A ce stade, on pourrait se croire bloqués avec un avis pouvant pencher d’un côté comme de l’autre. Il est donc important de revenir à une scène, celle de l’aumônier. Elle est capitale. Poussé dans ses retranchements, Meursault a peur chaque nuit de mourir. Il n’en dort plus et la visite de l’homme d’Eglise l’appelant « mon fils » en est la goutte de trop. « Moi, j’avais l’air d’avoir les mains vides. Mais j’étais sûr de moi, sûr de tout, plus sûr que lui, sûr de ma vie et cette mort qui allait venir ». Du grand art et du grand Camus. Toute l’absurdité de notre vie, sa vacuité, sa finalité sans doute sont aussi éclatantes que le soleil algérois.
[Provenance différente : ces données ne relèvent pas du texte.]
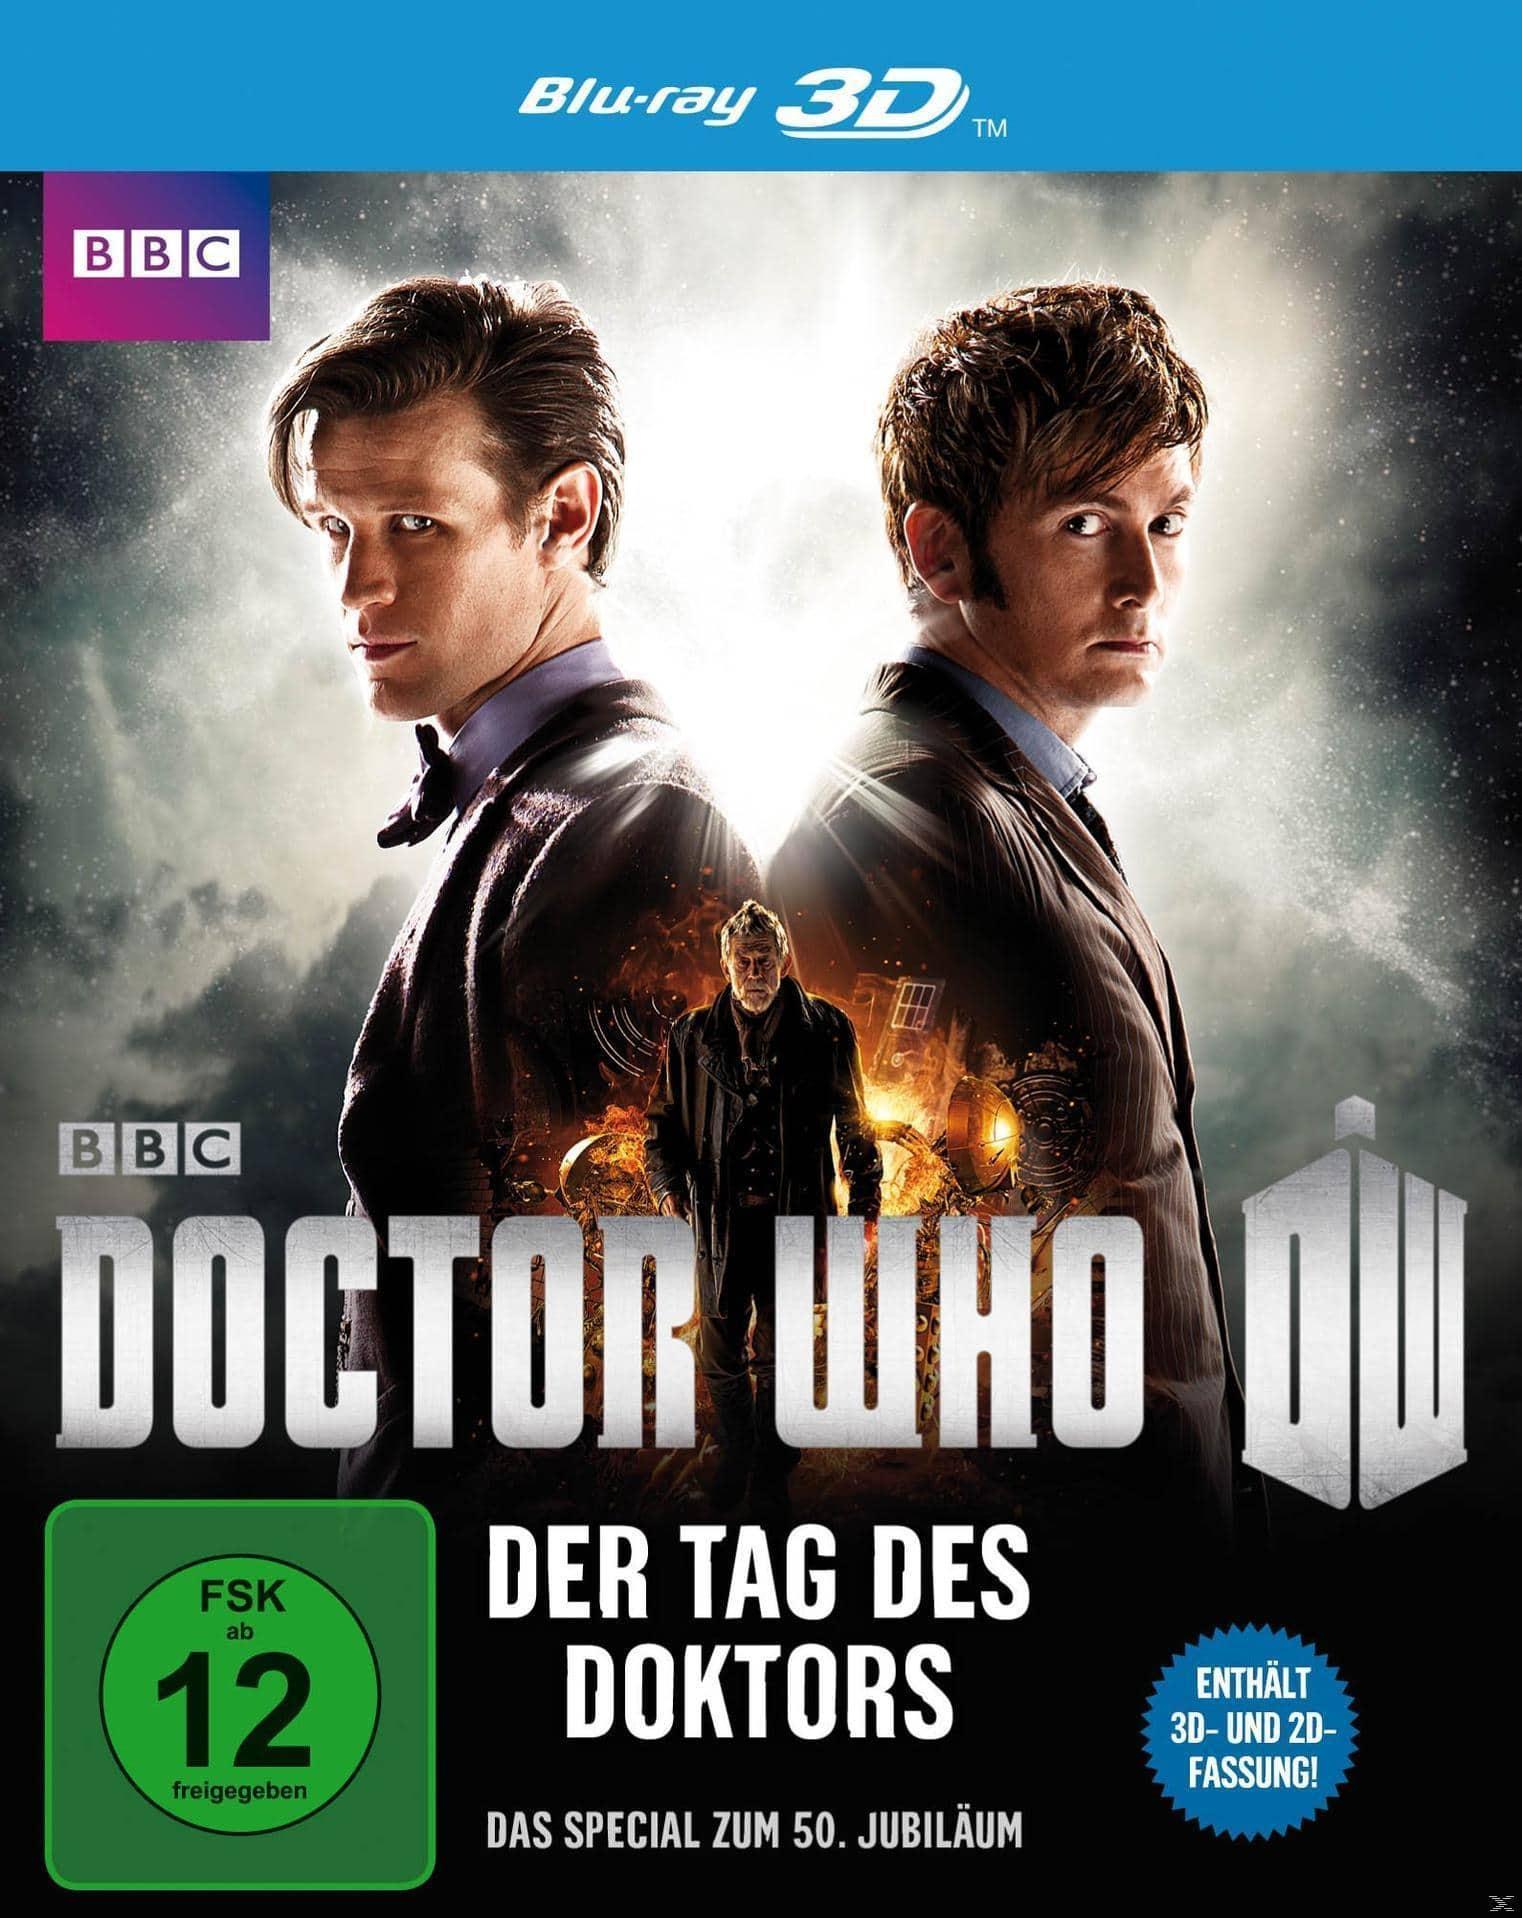 Doctor Who - Der Tag des Doktors 3D-Edition (BLU-RAY 3D) für 12,99 Euro
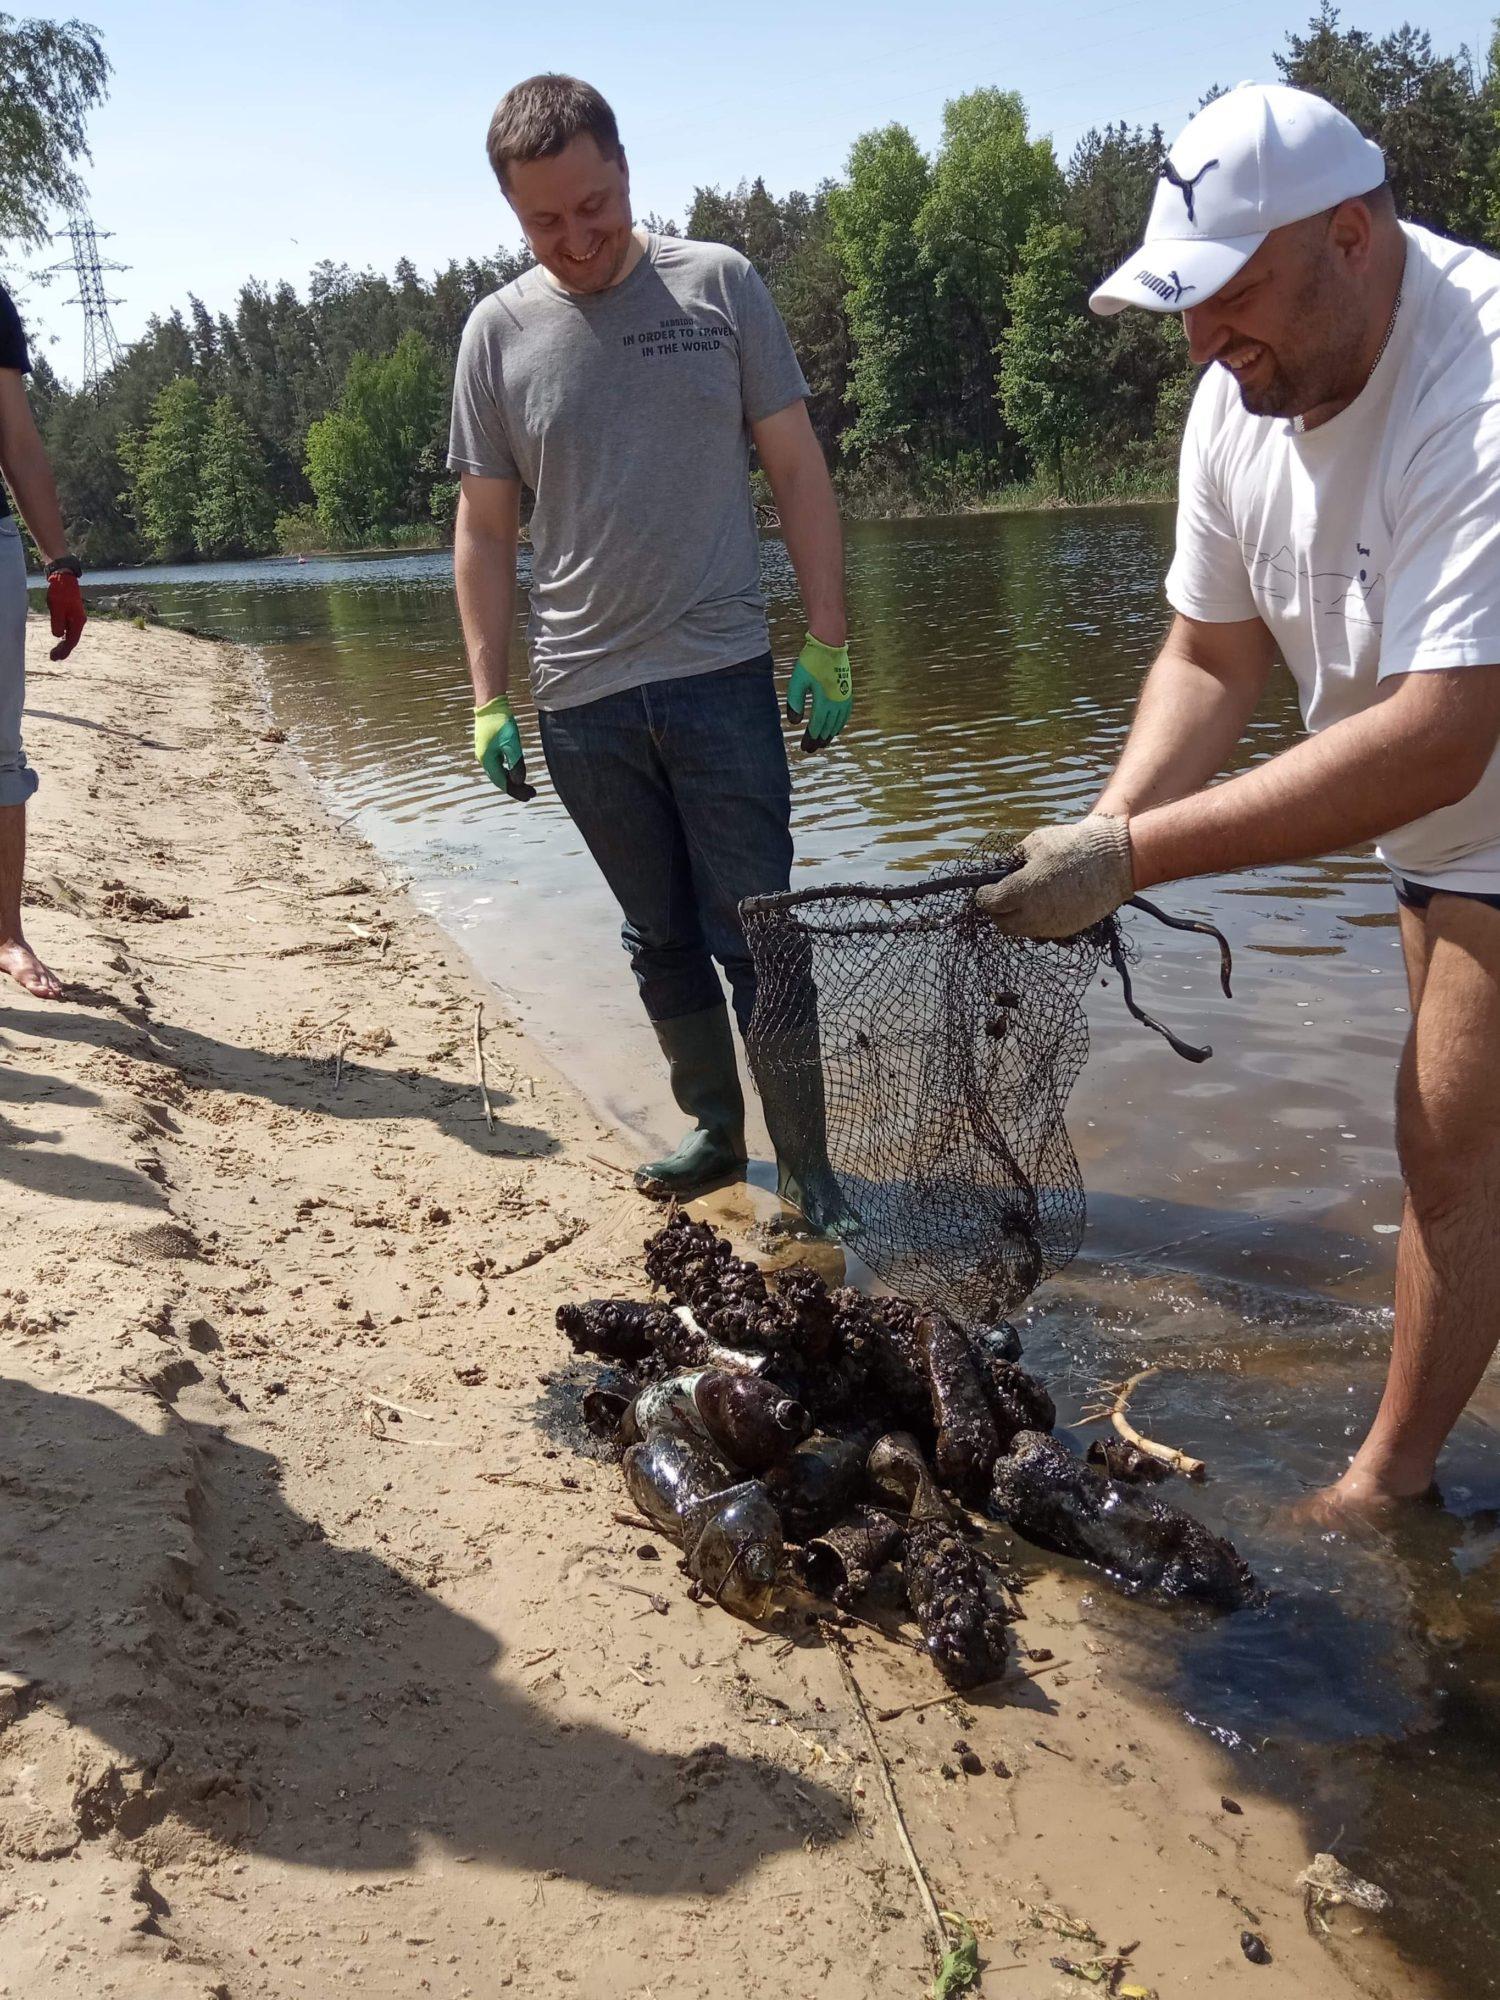 В Українці водолази обстежили дно річки Стугна -  - 3677F36B E7A1 40DD 8F4C 5007071883D0 1500x2000

Il se refuse à la religion tout comme au système juridique visant plus la culpabilisation que la justice en tant que telle. Peu lui importe, tout n’est qu’un jeu à somme nulle et devoir participer à un système aussi vain lui est insupportable. Camus l’appellera « le seul Christ que nous méritions ». A peine l’aumônier parti pleurant, que le calme revient. Il s’apaise et pense à sa mère. « Si près de la mort, maman devait s’y être sentie libérée et prête à tout revivre ». Ce passage est fantastique. Tel Sisyphe libéré de son rocher, j’y vois la fin de l’absurdité selon Camus mais aussi le symbole de l’essentiel avec « l’enfant à l’aube de sa vie » pensant à sa mère, trace que la vie n’est pas qu’absurdité non plus. Il s’agit de la parfaite ambivalence, juste avant que notre étranger n’ait la tête tranchée.
Je pense finalement que l’Etranger est le genre d’œuvre à part entière dont il est impossible d’obtenir « l’ » interprétation à l’image du film « Solaris » d’Andrei Tarkovski pour ne citer que lui. Il est important de percevoir l’absurdité présente dans les évènements du monde tout en ne s’en séparant pas complètement non plus. Savoir relativiser est essentiel. Je sais que je vais devoir aller plus loin dans la littérature de Camus. J’aime aussi le fait d’avoir, selon mon interprétation, pu apercevoir au milieu de l’océan absurde, une petite ile étrangère et essentialiste. C’est un sentiment étrange car je sais avoir besoin d’y croire et pourtant j’en suis intimement persuadé tout comme je suis sûr qu’il y a une part d’humanité étrangère en chacun de nous.